Italian architect-designer Marco Zanuso was born in Milan in 1916. After graduating from the Politecnico di Milano in 1939, he taught architecture, design, and town planning from the 1940s onwards. Zanuso opened his own architecture and design studio in Milan in 1945.
In the late 1940s, Zanuso began collaborating with Italian manufacturing company Arflex to create a furniture collection using a newly developed polyurethane foam and elastic tape. Guided by the principle that these new materials would inform the aesthetic result, Zanuso designed a series of pieces for Arflex that became icons of modernist design, including the Lady Armchair (1951)—which won the gold medal at Milan’s IX Triennale—the Sleep-o-matic Sofa (1951), the Martingala Armchair (1952), and the Fourline Armchair (1964).
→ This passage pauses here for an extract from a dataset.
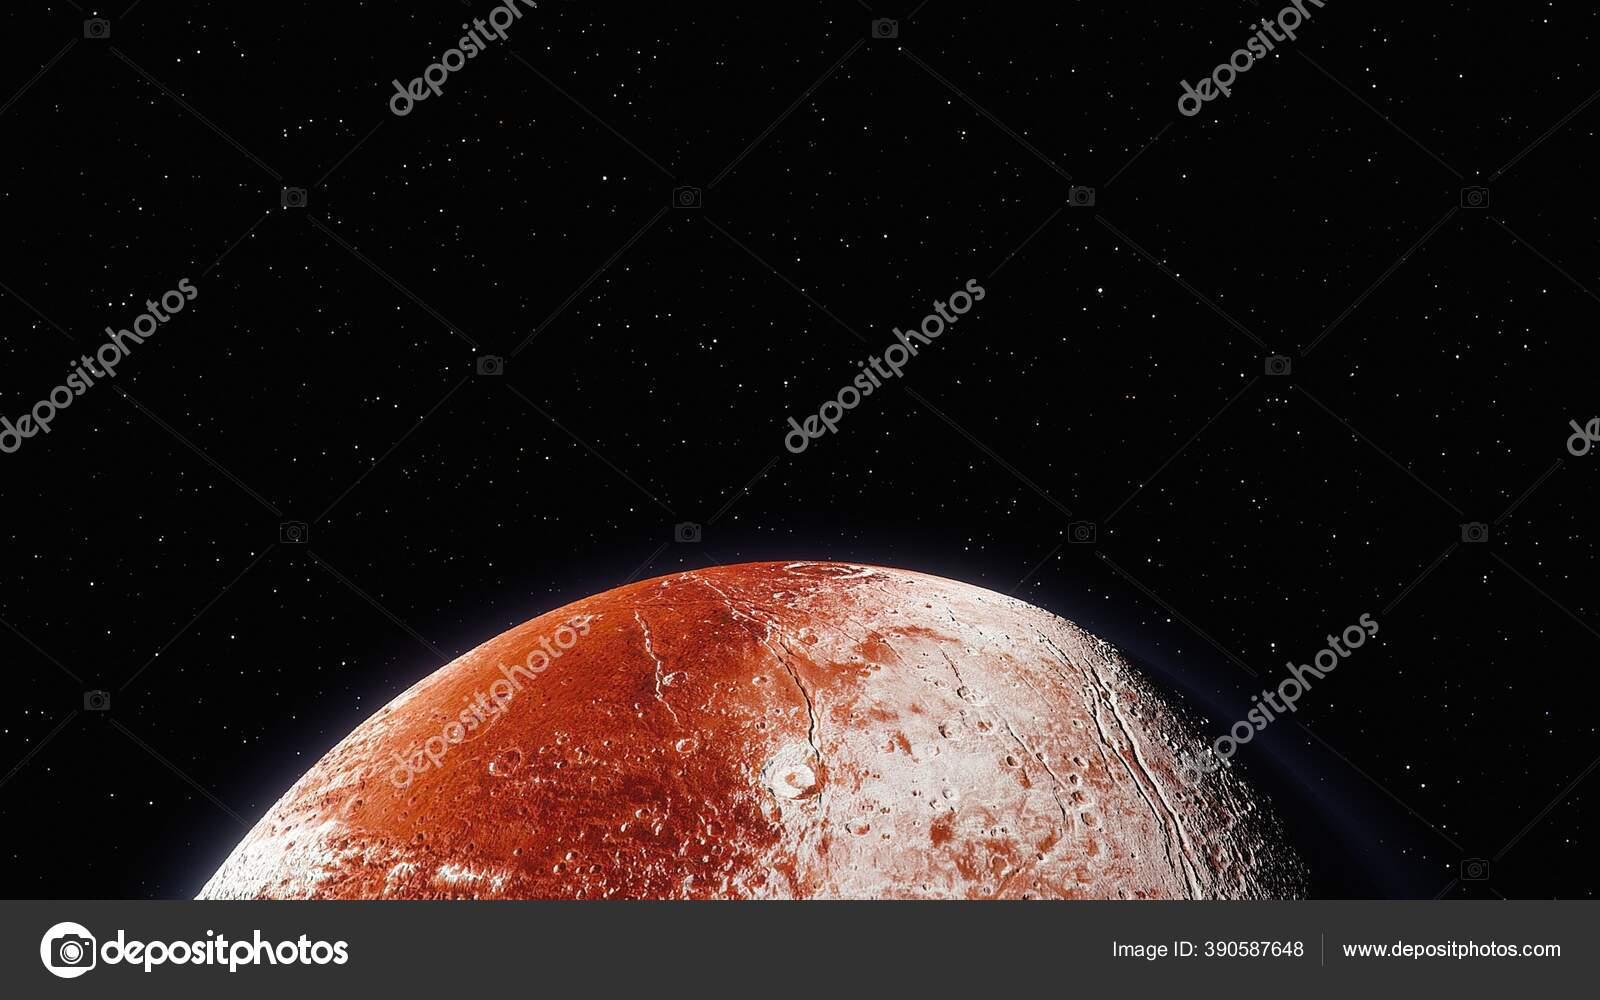 画像をダウンロード 背景画像 宇宙

Between 1957 and 1977, Zanuso maintained a partnership with German industrial designer Richard Sapper (1932-2015). Together they pioneered a new postwar aesthetic known as techno-functionalism, which evolved from a series of radios and televisions they designed. Successful designs by the pair include Lambda Chair for Gavina (1959), Doney 14 for Brionvega (1962)—the first fully-transistor television—the Grillo Telephone for Siemens (1966), and a series of mobile housing units for the landmark Italy: The New Domestic Landscape exhibition at MoMA in New York in 1972. Designs in Zanuso’s architectural repertoire include the Olivetti factory buildings in Buenos Aires and São Paulo (1955-57), the IBM factory buildings in Milan (1974), and the Piccolo Theater in Milan (1998).
As a designer who was dedicated to optimizing industriali production, Zanuso’s rationalist designs embrace experimental materials that are fully exploited to improve market accessibility. Characterized by bright colors, synthetic materials, and sculptural shapes, his work brought vanguard concepts to mass-produced consumer products. Notably, he also served as editor for both Domus and Casabella magazines. Winner of five Compasso d’Oro prizes between 1956 and 1985, Zanuso’s designs can be found in many permanent collections, including MoMA New York, the Triennale in Milan, and the Arflex Museum in Italy.
Zanuso passed away in Milan in 2001.